Philip of Aunay or Aulnay (Philippe d'Aunay or d'Aulnay) (c. 1290/93 – 19 April 1314, Pontoise), was a Norman knight implicated in a French royal scandal known as the Tour de Nesle affair.

== Biography ==
In the court of Philip IV of France, Philip of Aunay was the equerry to the king's younger brother Charles of Valois, and his older brother Walter of Aunay (also known as Gautier) was equerry to Philip, the king's second son. Philip and Gautier were implicated in what would later be known as the Tour de Nesle affair, in which the king's three daughters-in-law were accused of adultery. Philip was accused of adultery with Margaret of Burgundy, wife of the king's eldest son, Louis, and Gautier was linked to Blanche of Burgundy, wife of the king's youngest son, Charles. The brothers were tortured at the Place du Grand Martroy in Pontoise. Both confessed to adultery and were found guilty, therefore, of lèse-majesté. They were beaten and skinned alive, emasculated, covered in boiling lead sulfite, then decapitated, dragged through the streets, and hanged on the gallows, decaying over weeks.

== Family ==
Philip was the younger son of Walter V of Aunay (who died after 1318/c. 1325), who was lord of Moussy-le-Neuf and of Grand-Moulin. His two brothers were Walter of Aunay (also known as Gautier) and Walter of Aunay the Young, lord of Savigny who had two sons: Reginald and Perceval of Aunay.
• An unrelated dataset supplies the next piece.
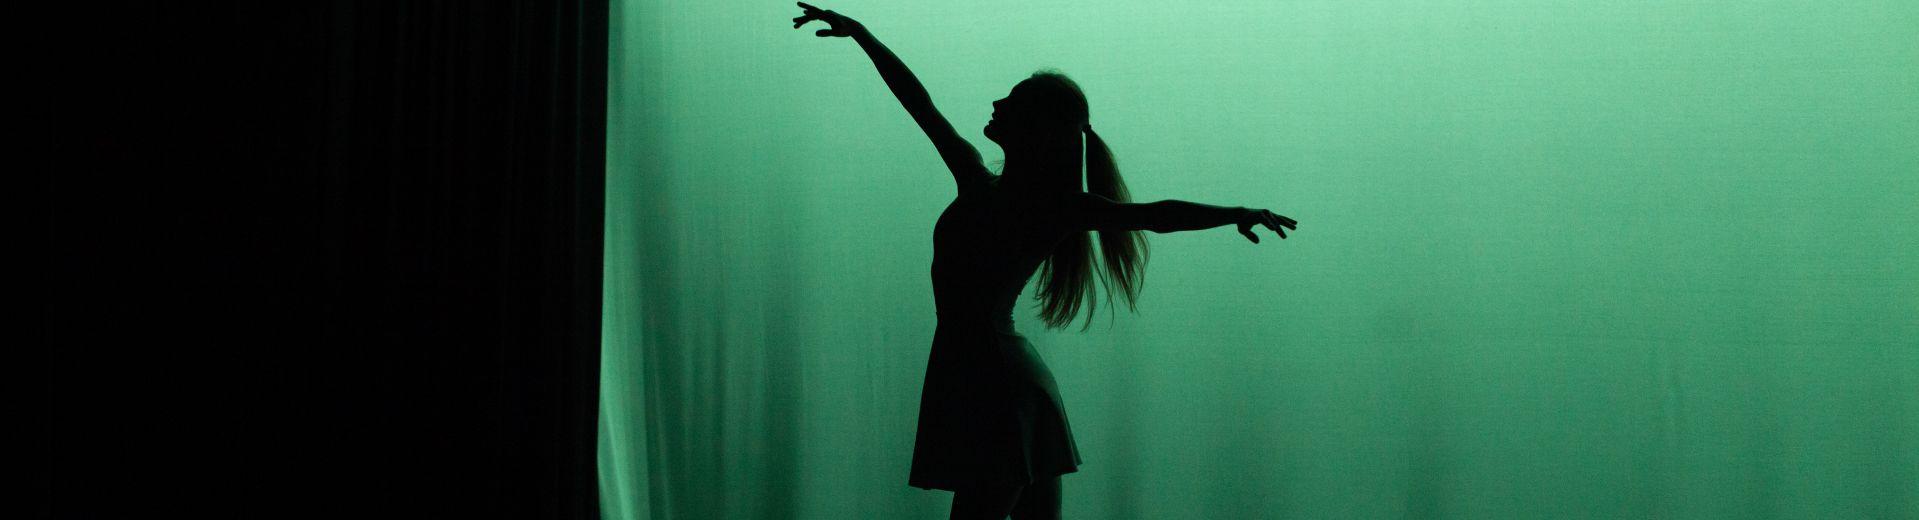 Full-body silhouette of ballet dancer, backlit on stage

Philip was married to Agnes of Montmorency, granddaughter of Matthew III of Montmorency:

- Philip II "the Welsh" (d. before 1392), lord of Grand-Moulin and of Villeron, butler of the Kings Charles V and Charles VI, of Charles I of Montmorency and of John, count of Poitiers. He was governor of the city of Meaux. He left several legitimate children: Joanne, Margaret and Robert (about 1365 to 1414), and two legitimized children: John the Bastard of Aunay and Joanne of Aunay the Young;
- Peter, captain of the city of Meaux
- John of Aunay "the Welsh"
- Margaret of Aunay

== Fiction ==
- In Tower of Lust, directed by Abel Gance, the character of Philipp is played by Jacques Toja.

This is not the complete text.